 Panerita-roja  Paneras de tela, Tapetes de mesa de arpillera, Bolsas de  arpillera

......

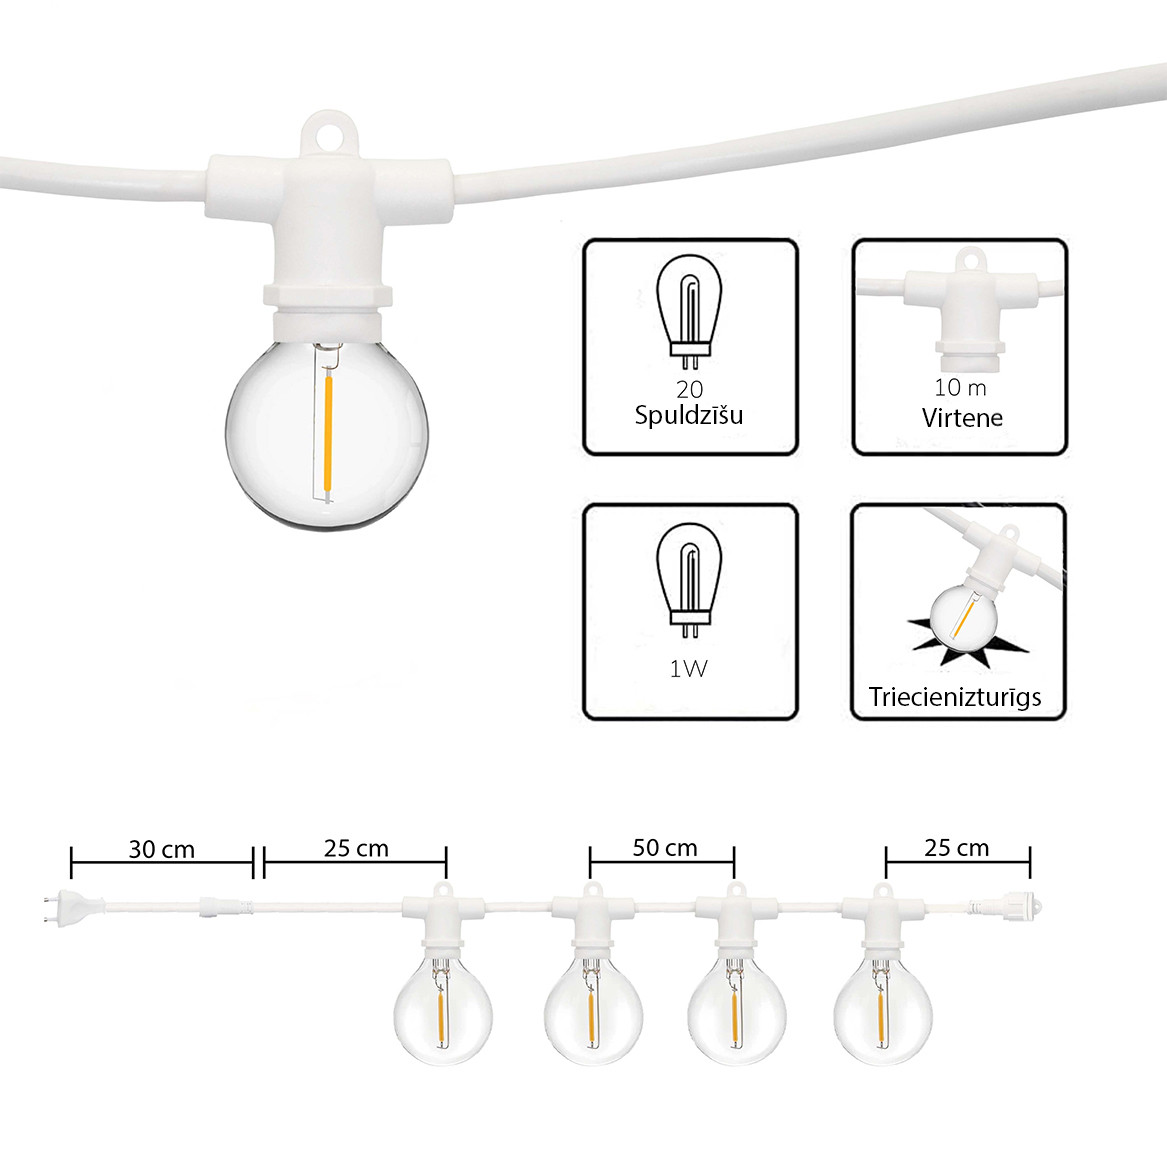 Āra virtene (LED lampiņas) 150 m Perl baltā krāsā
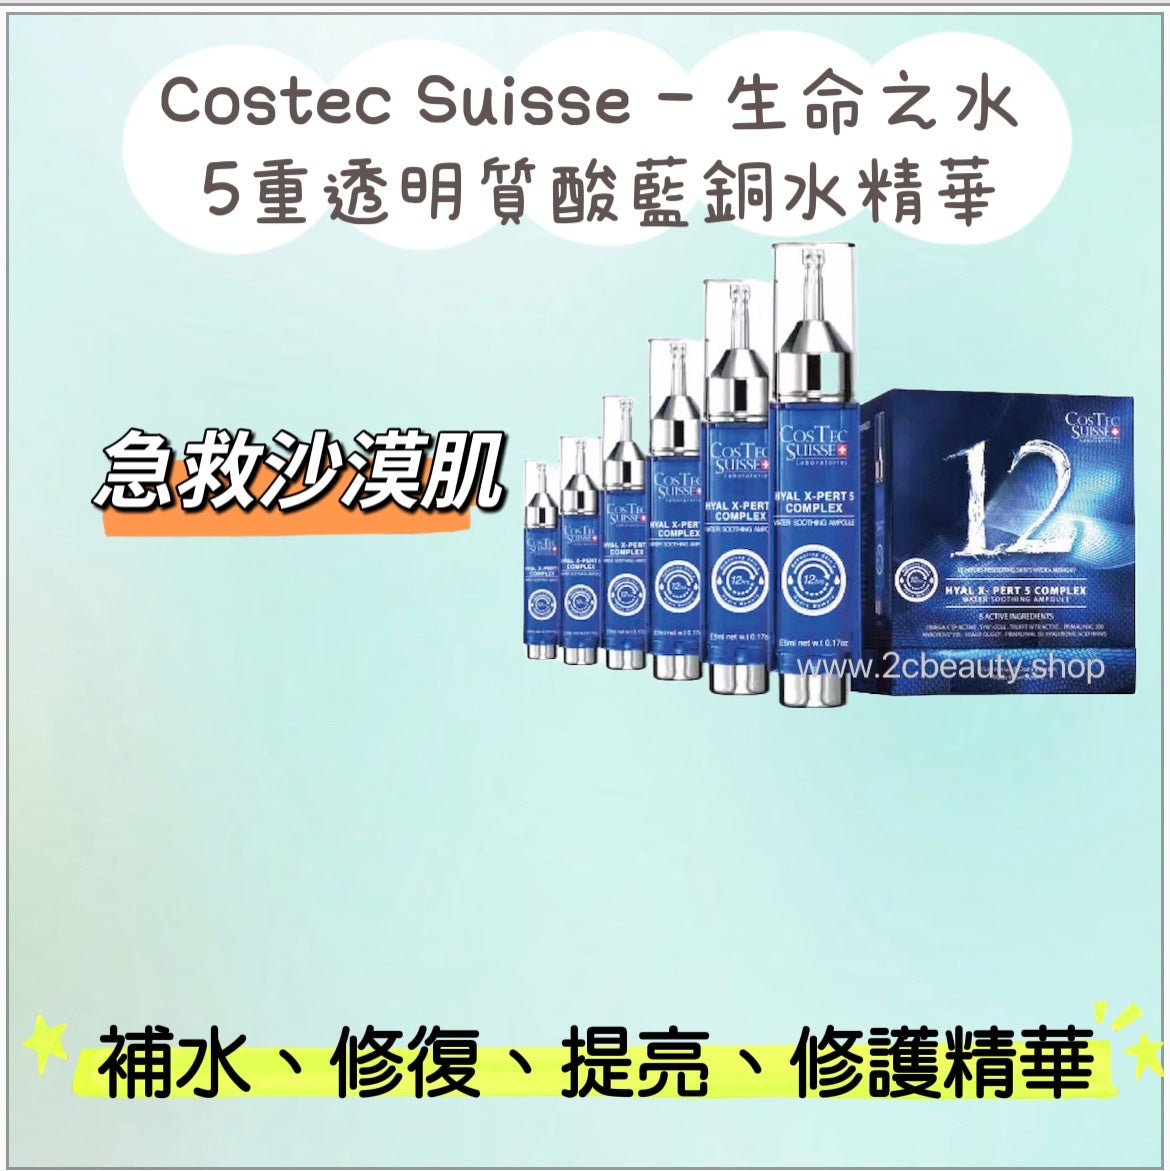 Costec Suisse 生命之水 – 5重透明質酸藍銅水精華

......

To do: Drop the pictures; return the lines above from the line containing "Āra virtene (LED" to the line containing "Costec Suisse 生命之水 – 5重透明質酸藍銅水精華", both included, exactly.

Reply:
 Āra virtene (LED lampiņas) 150 m Perl baltā krāsā
 Costec Suisse 生命之水 – 5重透明質酸藍銅水精華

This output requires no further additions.